19.5.08

O VENTO E O MAR (Abril 2005)

O vento, o verdadeiro e não uma qualquer brisa passageira e fugaz, segredava-lhe ao ouvido histórias de encantar. Ela ouvia e sorria, deliciada. E oferecia-lhe em troca palavras que ele espalhava pelo mundo com um sopro avassalador.Todos os dias o vento tocava-a, sem contudo a conseguir agarrar. No seu coração em remoinho, a insegurança voava descontrolada de cada vez que a sabia próxima dos que lhe podiam deitar a mão. Algo que o destino o privava de concretizar.E ele bufava a impaciência, agitava-se num temporal, sempre que a imaginava num futuro distante do seu. Longe dela, a revolta, para não a intimidar.

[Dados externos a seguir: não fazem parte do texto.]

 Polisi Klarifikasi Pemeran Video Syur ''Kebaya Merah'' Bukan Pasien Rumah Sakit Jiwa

Um dia, quando o vento chegou junto dela para a saudar descobriu-a com um intruso. Era assim que ele o sentia, como uma ameaça, mas nada podia fazer. Ela sorria para o tranquilizar, dizia-lhe que nada mudaria na sua relação. Porém, nesse dia, ela não se interessou pelas histórias que o vento trazia para lhe segredar. Antes ouvia as palavras do intruso, que a seduzia com proezas conversadas e um interesse por ela que a lógica não conseguia explicar.Posso provar-to, dizia ele, com o vento a uivar de raiva nos cumes das montanhas ao longe. O que mais queres que faça por ti? E ela pediu-lhe que lhe explicasse o mar que não conhecia, aquele de que o vento lhe falava nas suas histórias de força indomável e de vontade de vencer.

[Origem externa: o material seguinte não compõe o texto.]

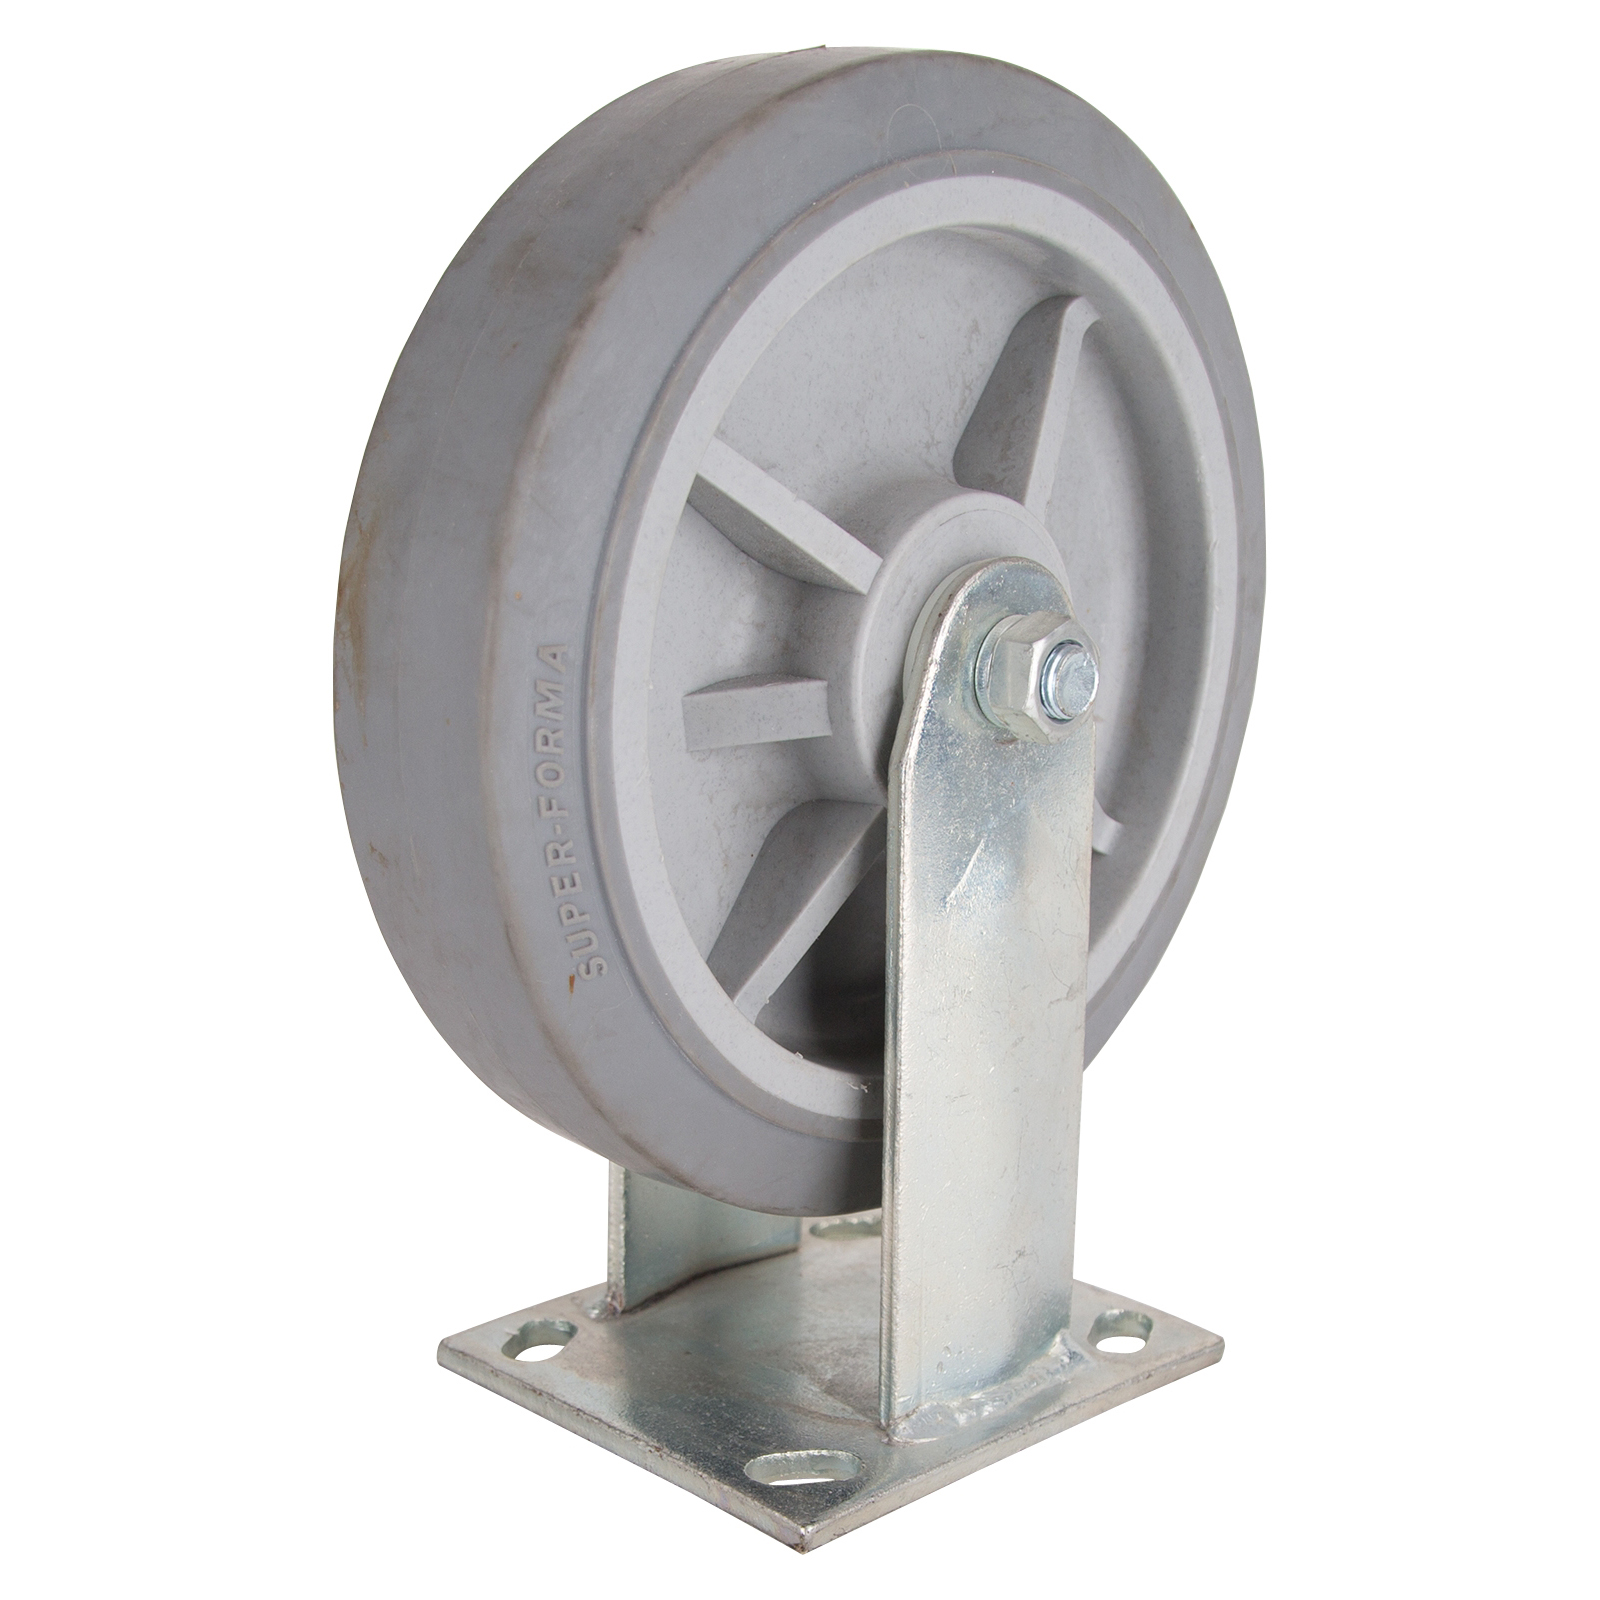 JC-T07 Rigid Caster, 8 in Dia Wheel, 2 in W Wheel, Thermoplastic Rubber Wheel, Gray, 750 lb

Dias depois, o intruso regressou. Com uma fotografia das ondas, mais um leitor de cassettes sofisticado que reproduzia o som da rebentação. Ela apreciou deslumbrada, convencida de que sabia agora do que o vento falava quando a encantava num murmúrio.Foi então que o vento decidiu reagir. Com um sopro mais forte, carregou desde a praia uma casca de búzio que depositou aos seus pés. E ela apanhou-o e pôs-se a escutar o som que o vento lhe trazia, sereno e distante, diferente do mar revolto das histórias que ela lhe ouvia contar. O intruso sorria, divertido, perante a imagem patética que o vento recolhera para simbolizar o poder dos oceanos. Mas ela não lhe prestou atenção.

E o vento, que muito a queria, exibiu-lhe o mar como o sentia. E no fim ofereceu-lhe uma flor.